Otro punto importante son los personajes, por una parte tenemos a la pareja de hermanos, interpretados por Ben Foster y el que debe ser lejos el mejor papel de Chris Pine. Acá el amor fraternal está ligado a la fatalidad, anunciada por el hermano recién salido de la cárcel (Ben Foster), quien premonitoriamente se limita a decir “no conozco ninguna historia que haya terminado bien”, anticipo del sacrificio de este, como si la muestra máxima de amor fuera la propia muerte para asegurar siquiera algo de futuro a la familia. Nota aparte para un Jeff Bridges memorable, cansado y entrañable, en una performance que con justicia le ha valido una nominación al mejor actor de reparto en los próximos Oscar. Actuación sobria que representa en gran parte lo que es la película, la decadencia del Estados Unidos profundo.

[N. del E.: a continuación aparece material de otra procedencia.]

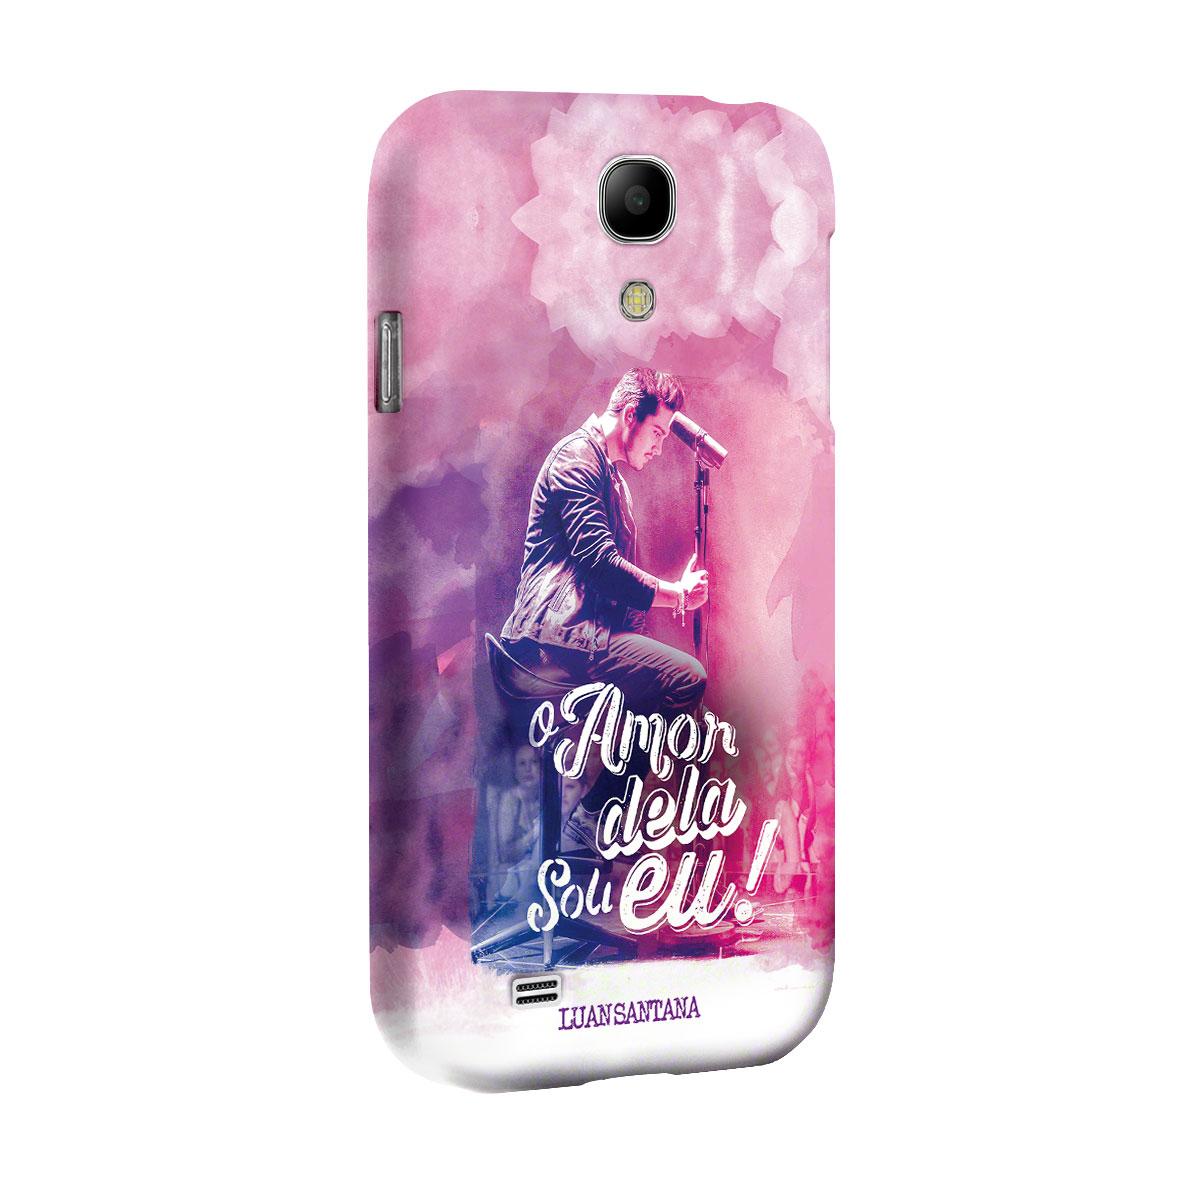 Capa para Samsung Galaxy S4 Luan Santana O Amor Dela Sou Eu

Conclusiones aparte, podríamos aseverar que el cine muchas veces llega a ser un síntoma y expresión de quien sabe mirar con agudeza su entorno, para construir a través de él un relato coherente que proyecta lúcidas interpretaciones. Es el caso de Nada que perder, sin duda la mejor película entre las nominadas para el Oscar este año, pero que predeciblemente no ganará la estatuilla, encandilada la industria por la pirotécnica La La Land o por la superficial Hasta el último hombre. Lejos de estas dos propuestas, David Mackenzie construye un western moderno con un trasfondo y una intención en cada imagen que se proyecta, a diferencia de lo hecho por Mel Gibson, quien derrocha despliegue técnico y estético, pero sin ningún discurso macizo. Consignado el contraste, solo resta decretar a Nada que perder como una de esas realizaciones encaminadas a convertirse en un clásico, sentencia que el tiempo tendrá que confirmar.

Raúl Rojas Montalbán

Nota comentarista: 9/10

Título original: Hell or High Water. Dirección: David Mackenzie. Guion: Taylor Sheridan. Fotografía: Giles Nuttgens. Música. Nick Cave, Warren Ellis. Reparto: Jeff Bridges, Chris Pine, Ben Foster, Gil Birmingham, Katy Mixon, Dale Dickey, Kevin Rankin, Melanie Papalia, Lora Martinez-Cunningham, Amber Midthunder, Dylan Kenin. País: Estados Unidos. Año: 2016. Duración: 102 min.